SUPPLIED DATA

•••••

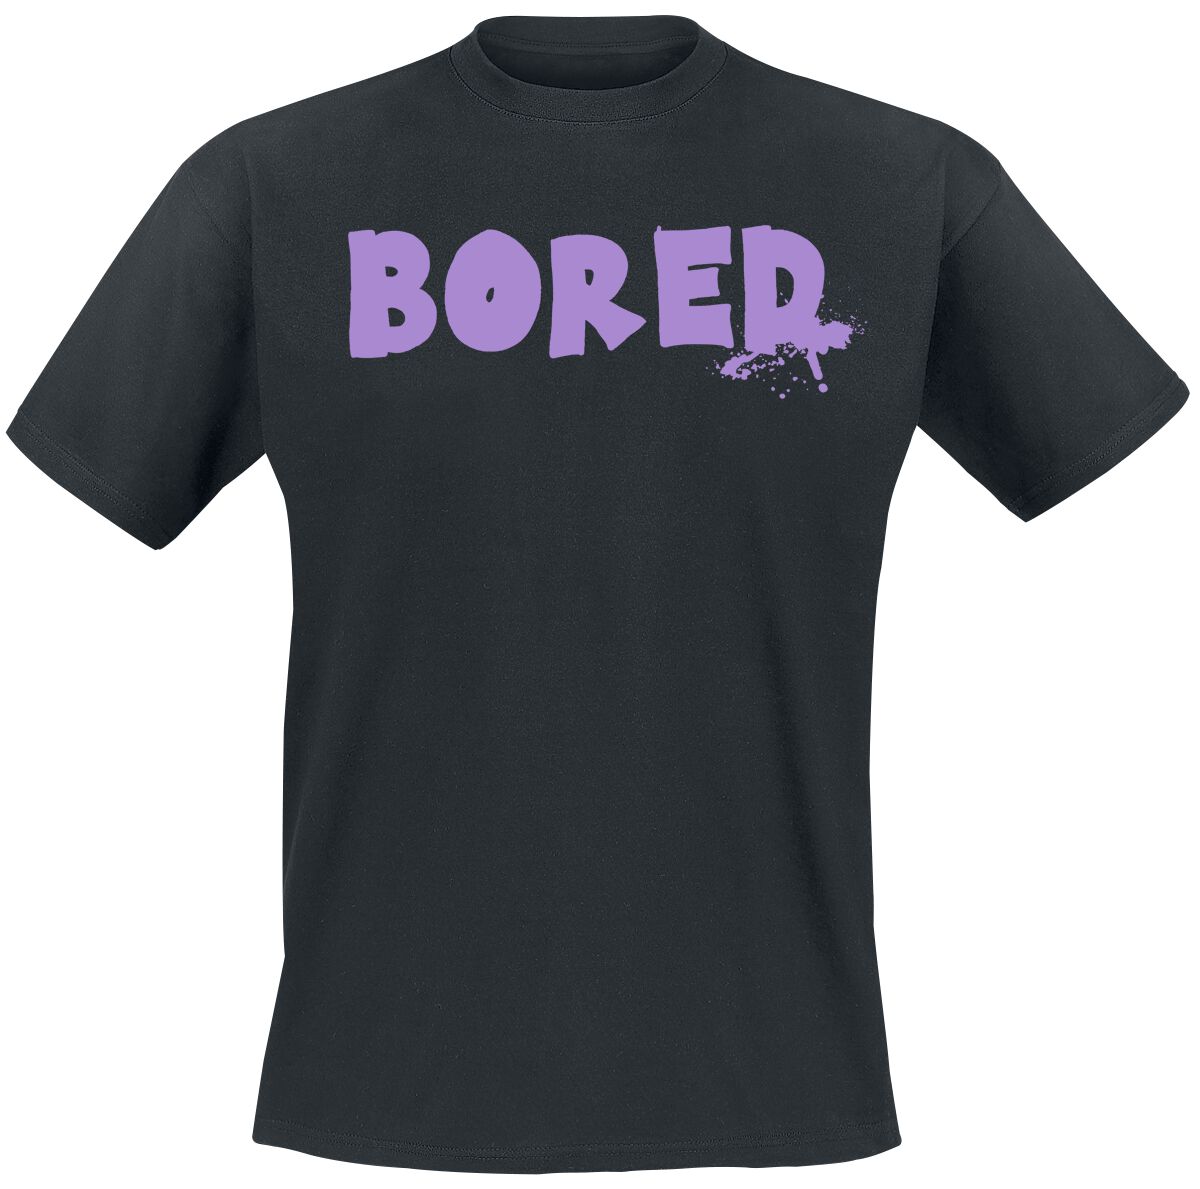 Bored Of Directors T-Shirt - Bored Capeton - S bis XXL - für Männer - Größe XL - schwarz  - EMP exklusives Merchandise!
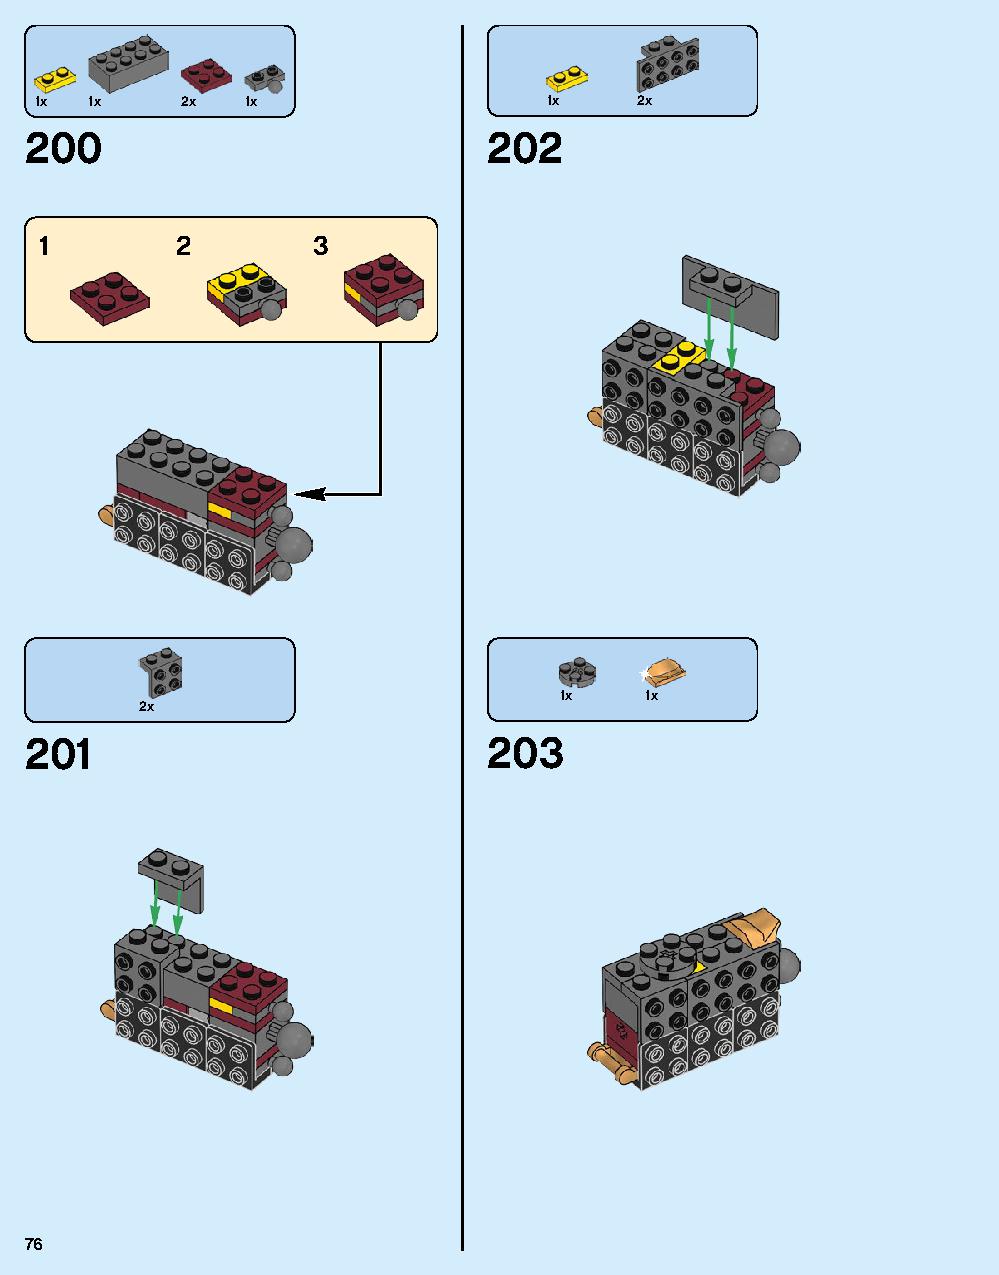 어벤져스 헐크버스터: 울트론 에디션 76105 레고 세트 제품정보 레고 조립설명서 76 page
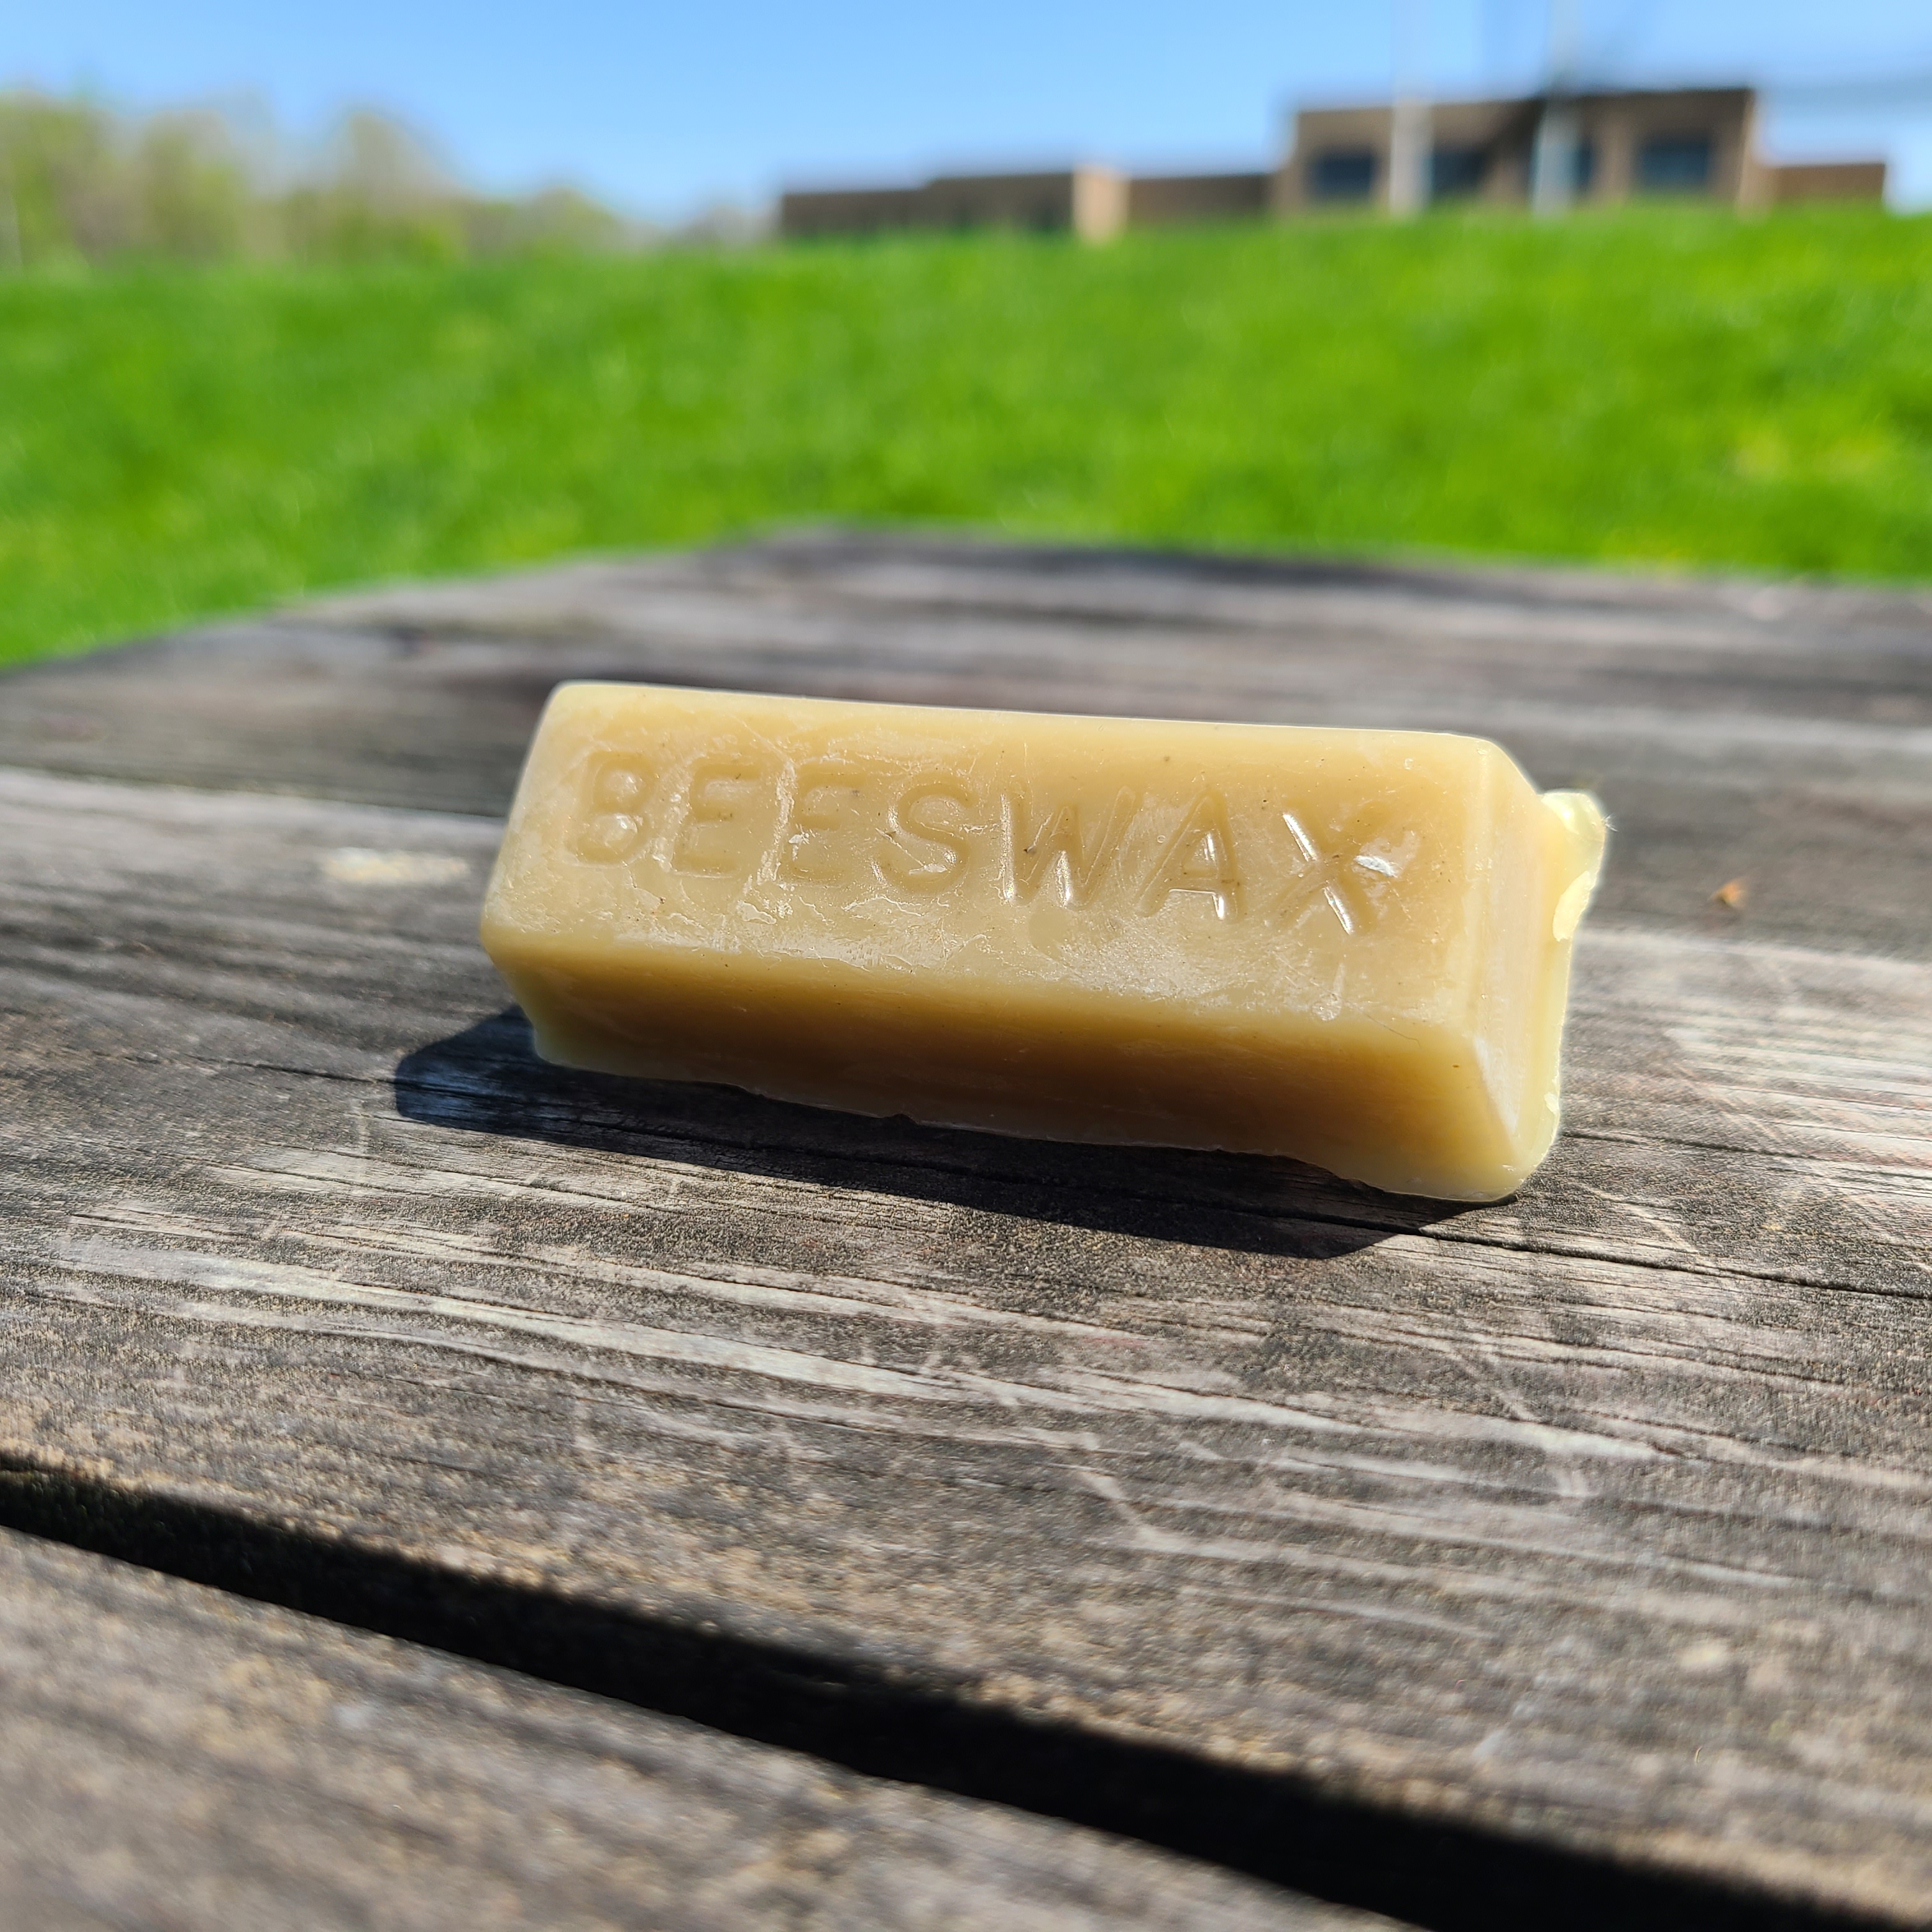 Beeswax Bar - 1 oz.

•••••

REQUIRED ACTION
All of the material should be reproduced exactly, apart from the pictures.

ANSWER TO THE PROBLEM
 Bored Of Directors T-Shirt - Bored Capeton - S bis XXL - für Männer - Größe XL - schwarz  - EMP exklusives Merchandise!
 어벤져스 헐크버스터: 울트론 에디션 76105 레고 세트 제품정보 레고 조립설명서 76 page
 Beeswax Bar - 1 oz.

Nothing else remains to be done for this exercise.